Projects can be filered by keywords / skills

  • All
  • Programming
  • Terminal / Git
  • Machine Learning
  • MRI processing
  • EEG processing
  • Virtual Reality
  • Neurosciences


You can even propose your own by filling the form here!

Project 1 NeuroCausal: Development of an Open Source Platform for the Storage, Sharing, Synthesis, and Meta-Analysis of Neuropsychological Data by Valentina Borghesani

We are working with clinicians, neuroimagers, and software developers to develop an open source platform for the storage, sharing, synthesis and meta-analysis of human clinical data to the service of the clinical and cognitive neuroscience community so that the future of neuropsychology can be transdiagnostic, open, and FAIR.

Following the steps of what enable a similar transition in functional neuroimaging, we are breaking down our over-ambitious goal in two stages: (1) create a meta-analytical platform covering lesion-related data hence allowing causal inferences; (2) a data-sharing platform taylored to clinical needs.

Find out more on our website: https://neurocausal.github.io/

Project skills

At least one of these preferred, but contributing to general ideas / discussion is always welcome!

Programming
Terminal / Git
Machine Learning
MRI processing
EEG processing
Virtual Reality
Neurosciences

Project 2 Make Brainhack Accessible Worldwide: Translation of Brainhack Glossary into Different Languages by Abigail Licata

Project Description

The Brainhack (BH) Jupyter book is a collaborative project within the BH community aimed at developing an open, inclusive, and interactive document that details the vision of BH events across the globe. This important resource is a supplement to the Neuron 2020 community paper and serves as a common resource for members to draw upon when planning future BH events. While the BH jupyter book is in its early stages of development, there is a crucial aspect of the book that lays its foundation: BH glossary. The BH glossary contains relevant community terms and, given the global nature of BH, translations of the glossary are necessary to encourage understanding and promotion of BH ideals worldwide.

The Jupyter BH book glossary has been translated into Italian, Spanish, German, Russian, Portuguese, and Hindi. This project within the scope of our local Geneva BH event can be conducted in two ways: 1) by improving upon existing glossary translations or 2) by creating a newly translated glossary from a language that has not yet been considered.

Project skills

At least one of these preferred, but contributing to general ideas / discussion is always welcome!

Programming
Terminal / Git
Machine Learning
MRI processing
EEG processing
Virtual Reality
Neurosciences

Project 3 Mind-bending VR at your eartips! by Konstantinos Samaras-Tsakiris and Victor Férat

Concocting together electroencephalogram (EEG) earbuds, Virtual Reality (VR) and neural feedback… what can come out of this sci-fi melting pot? Join us to create the most immersive experience that goes a step further from VR, adapting to your mental state.

Neurofeedback is a technique with established therapeutic and educational potential. We are interested to create neurofeedback in virtual reality environments using EEG sampled *only from inside the ear*. We will combine a novel EEG sensor shaped like earbuds and a VR headset to immerse the participants in an environment where they can control a tunable parameter (eg. the gravity!) with their own brain activity. The comfortable form factor of the EEG earbuds can facilitate deeper immersion in the experience, potentially boosting the neurofeedback effect.

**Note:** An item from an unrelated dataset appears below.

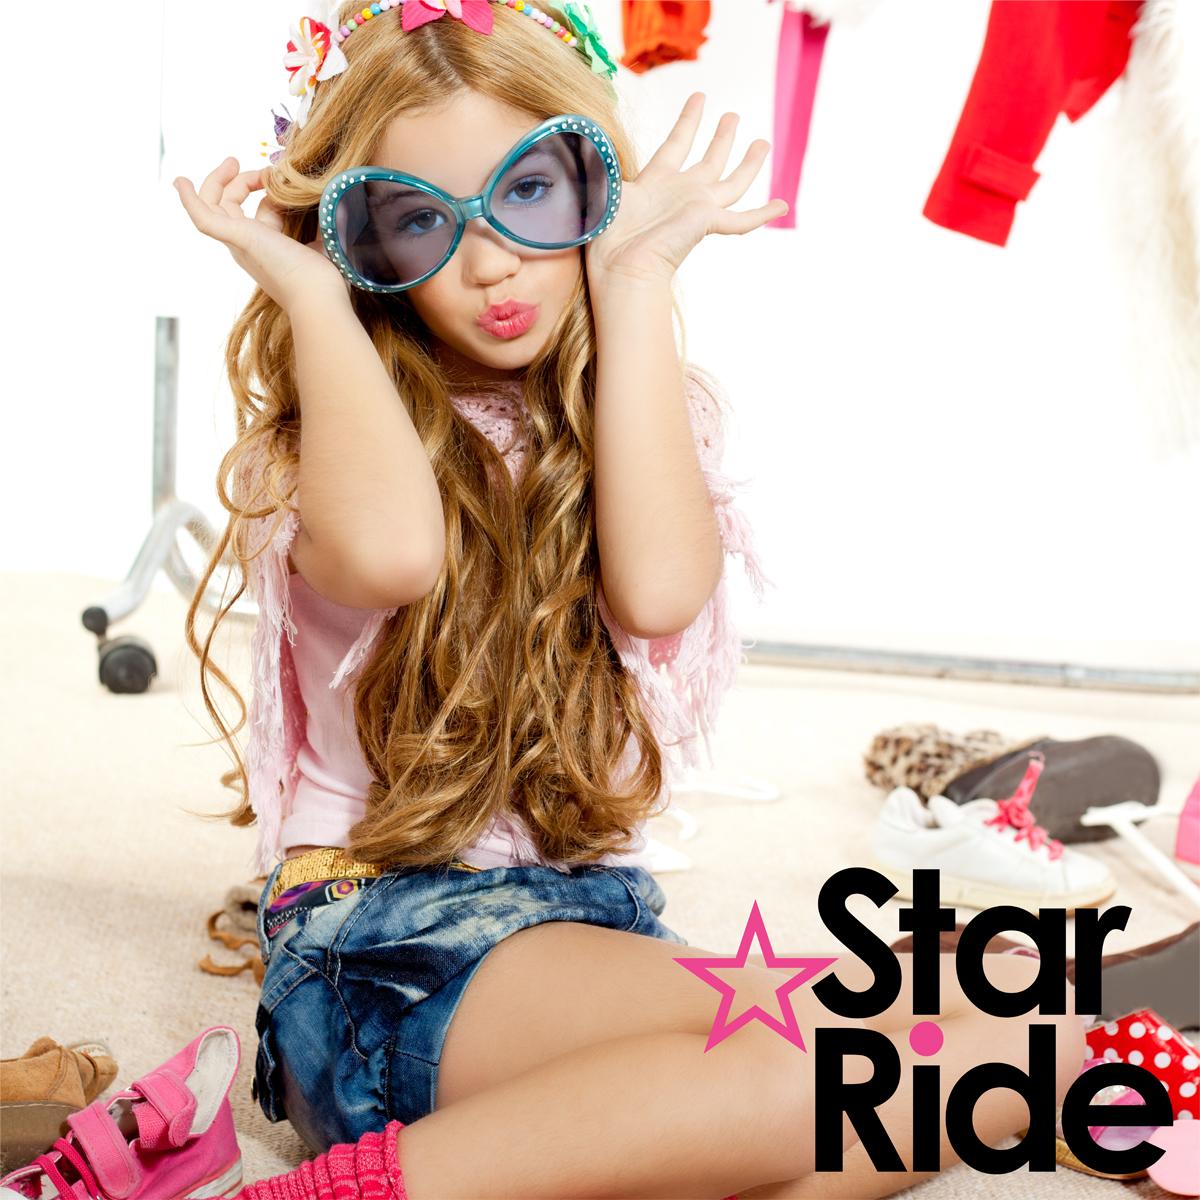 STARRIDE GIRL_020317_W_LOGO_4X4.jpg

But how can we translate the neural signal into meaningful action? Most published research indicates neuromarkers in standard, full-scalp EEG; much less is known about in-ear EEG. In this project we aim to bring together translatable neuromarkers and machine learning to bridge the gap in the feedback loop and give the subject a "mental exercise" that will help them navigate the virtual world.

Over the weekend we can also build a fledgling VR game starting from Unity engine demos to amplify the effect of neurofeedback and make it even more visible. We’ll use the Meta Quest 2 VR headset.

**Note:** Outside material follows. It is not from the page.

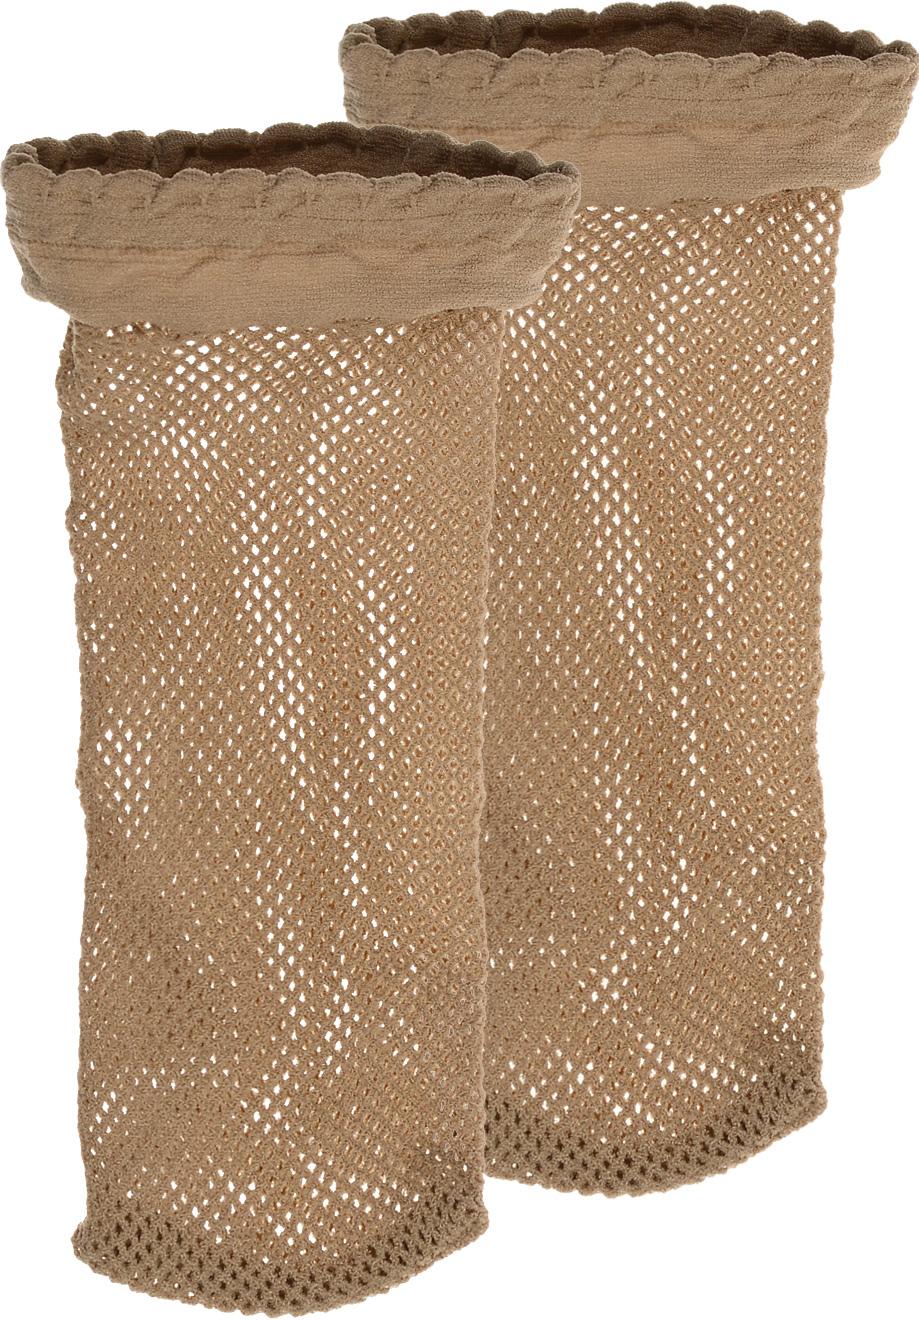 Носки женские Microrete 20, 2 пары. 7819

Note (skills):: many different skills will have a role to play in this project, so don't hesitate to join if you're only interested in 1 of the elements!

> Drawing by Lou Planchamp

Project skills

At least one of these preferred, but contributing to general ideas / discussion is always welcome!

Programming
Terminal / Git
Machine Learning
MRI processing
EEG processing
Virtual Reality
Neurosciences

Project 4 Neurodata Without Borders Viewer by Anıl Tuncel

This project puts equal weights on learning and building. While working on this project, we will learn the most loved programming language of our time [3] and build something useful for the neuroscience community with it.

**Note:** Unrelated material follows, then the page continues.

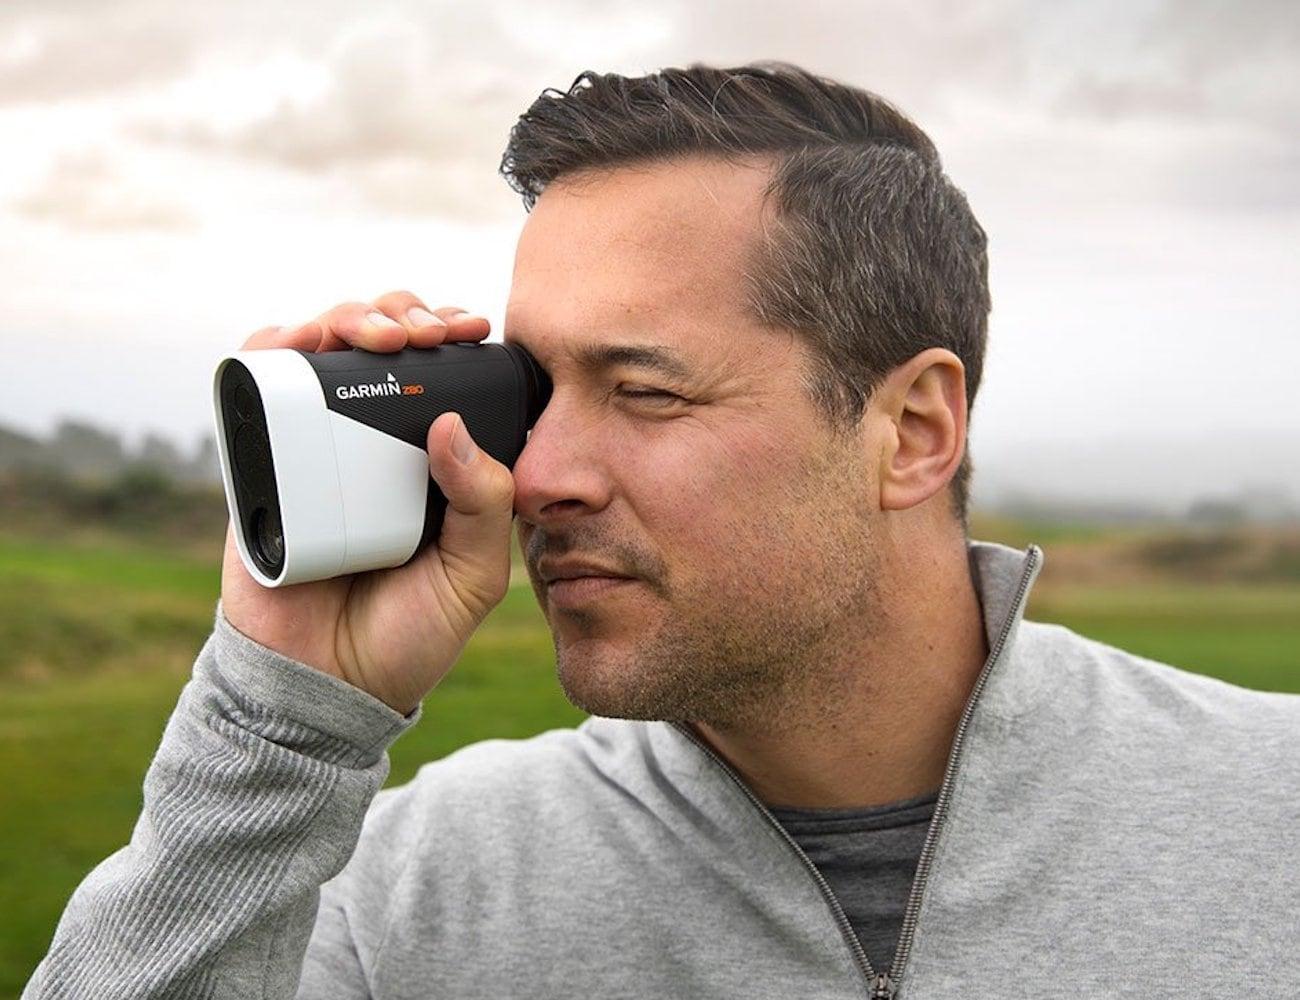 Garmin Approach Z80 Golf GPS Laser Range Finder helps your game

Neurodata Without Borders (NWB) [1] is a standard data format to represent neurophysiology data files. It enables interoperability between neurophysiology data produced by different neuroscience labs. Examples of the data stored in .NWB format range from patch clamp experiments to optical physiology experiments. The Blue Brain Project uses the standard NWB format to store and share the electrophysiology data such as the ion-channels data available on Blue Brain Channelpedia [10].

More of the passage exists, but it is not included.